QM/MM study on the elongation factor-Tu (EF-Tu)

Abstract

EF-Tu is a member of the GTP binding protein superfamily which consists of proteins carrying information and biological components in cells. When the ternary complex of EF-Tu:GTP:aa tRNA binds to the ribosome, cognate codon anticodon interaction triggers the fast hydrolysis of the EF-Tu bound GTP. The hydrolysis of GTP leads to a remarkable conformation change in EF-Tu as it returns to the GDP (loose) conformation from its GTP (tight) conformation. This conformational change decreases the affinity of EF-Tu to the ribosome and abolishes its affinity towards the aa-tRNA resulting in the release of EF-Tu:GDP complex from aa tRNA and ribosome.
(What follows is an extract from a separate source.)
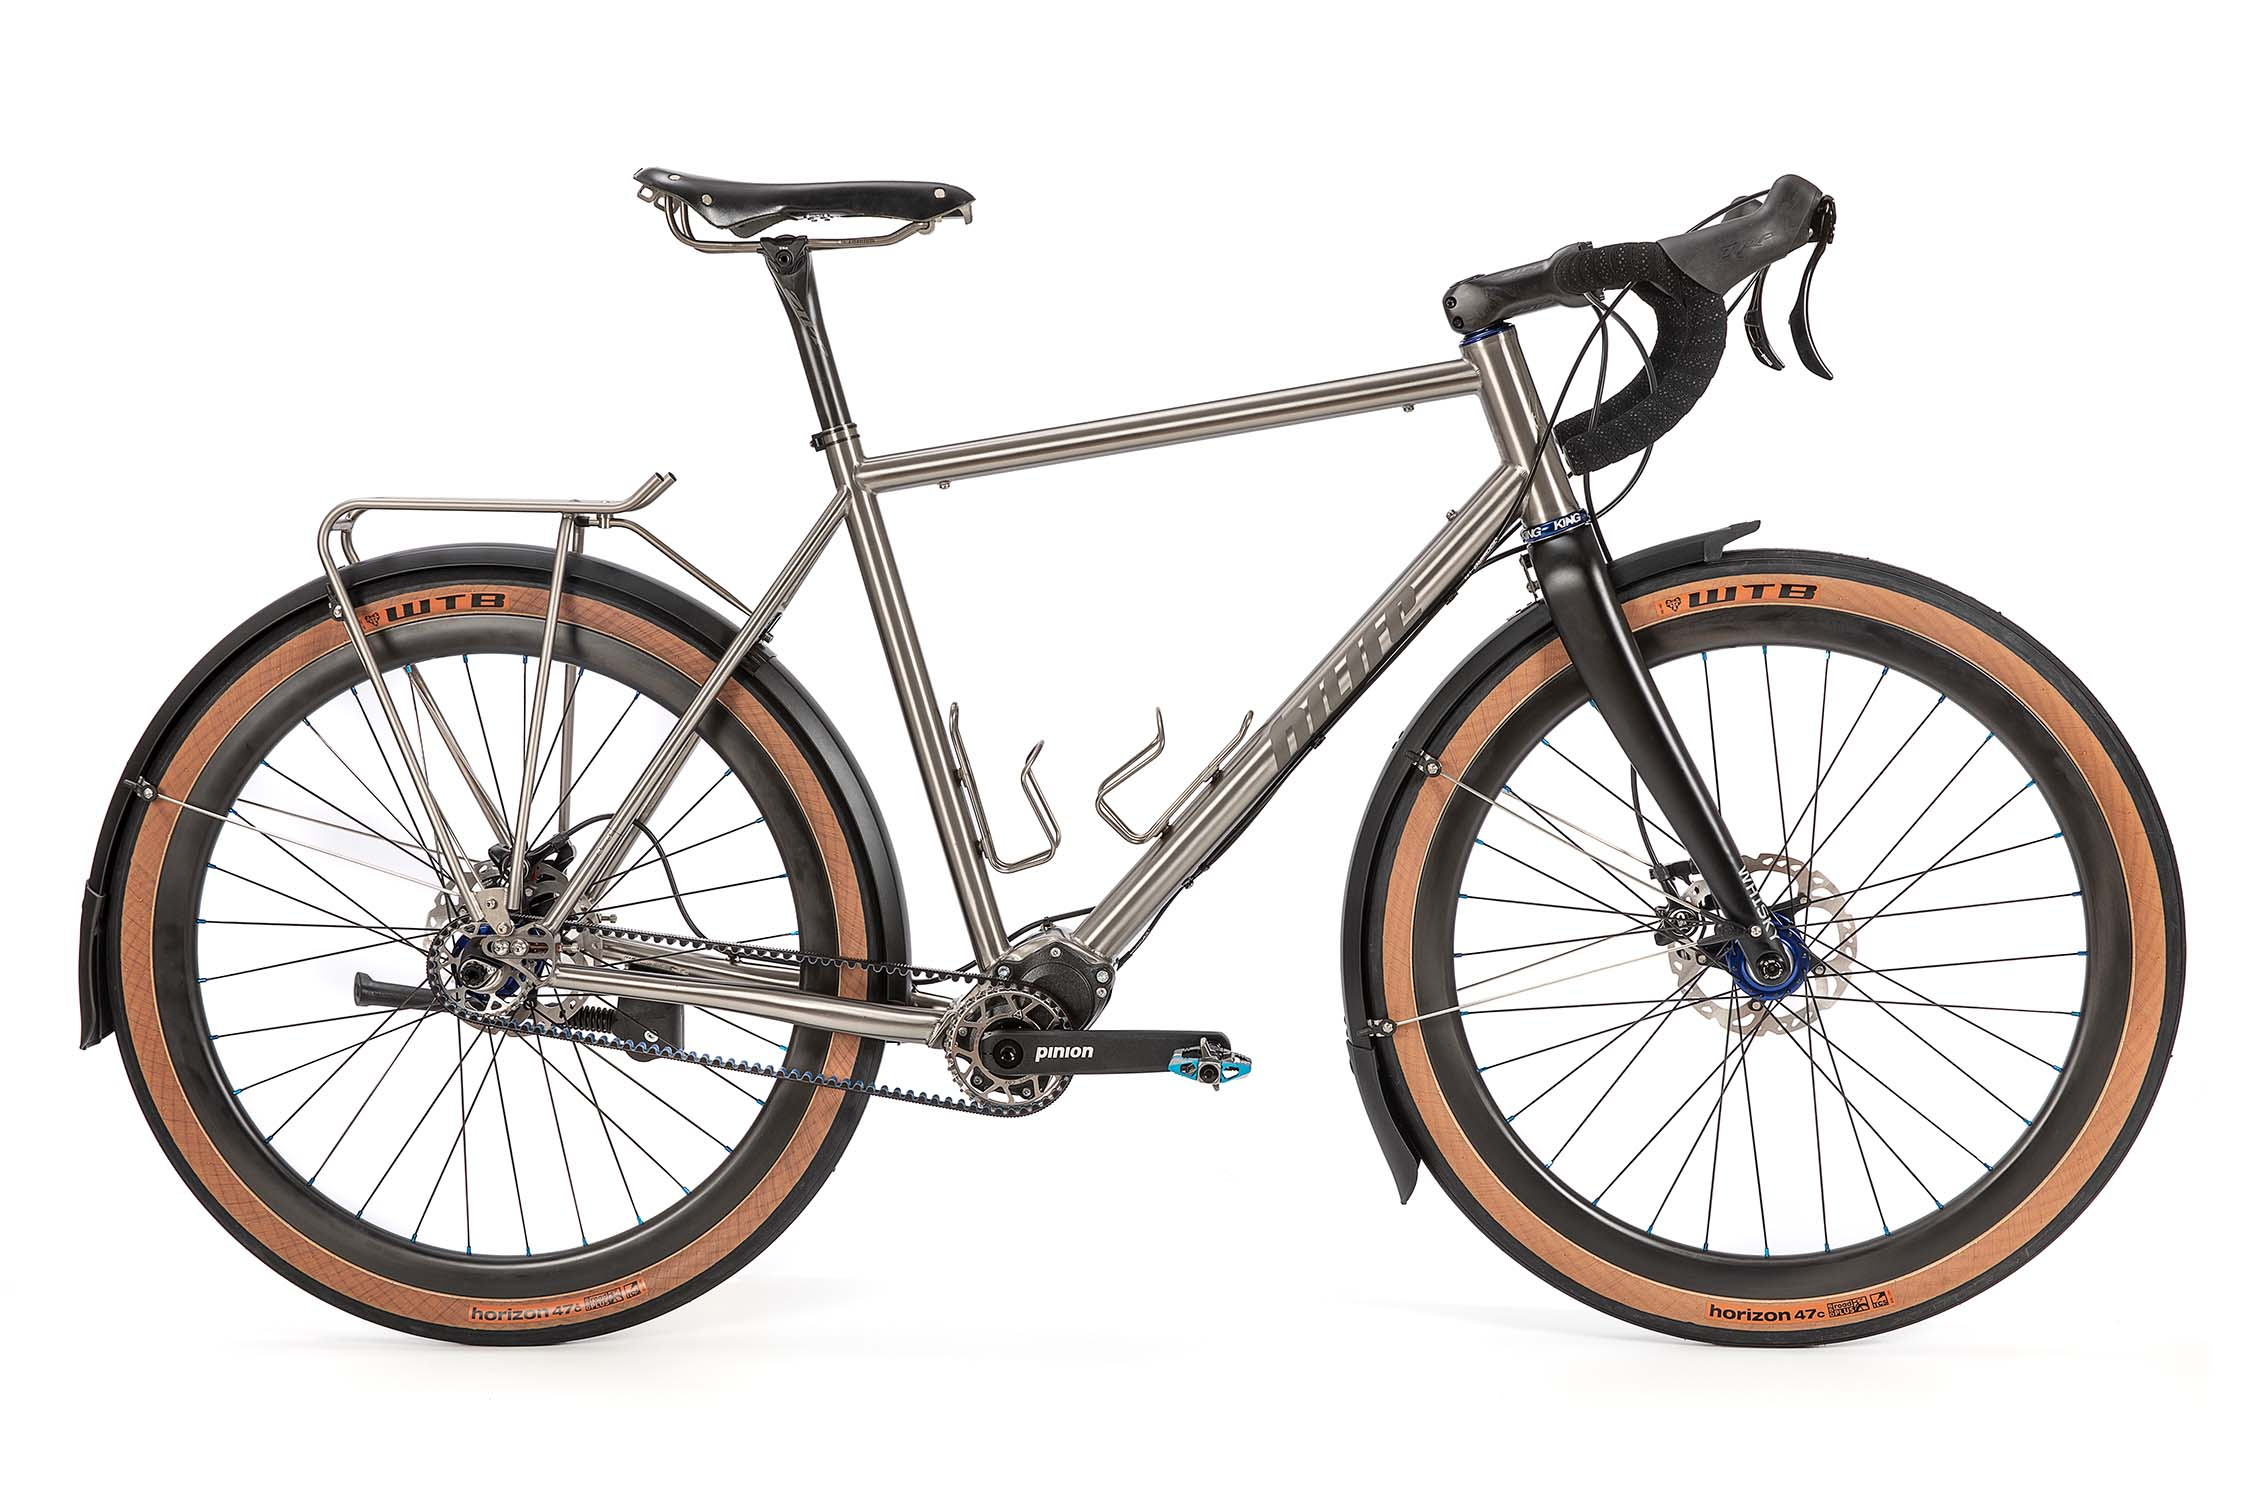 Pinion Getriebe Fahrrad mit Gates Carbon Drive– jetzt bei uns in Basel testen

As the hydrolysis of GTP to GDP is of central importance in the functioning cycle of G proteins. Considerable amount of computational and experimental studies were directed to elucidate the mechanism of non-enzymatic phosphate hydrolysis in solution. The main mechanistic debate on GTP hydrolysis or phosphate hydrolysis in general is whether it follows an associative or dissociative pathway. The associative pathway can be described by the formation of an intermediate with a penta-coordinated phosphorus atom whereas the dissociative pathway can be described by the formation of a metaphosphate ion as an intermediate. In our study we will mainly emphasize the GTP conformation of the elongation factor Tu (EF-Tu) and investigate the mechanistic pathways in GTP hydrolysis by using Quantum Mechanical/Molecular Mechanical (QM/MM) approach as a hybrid computational method.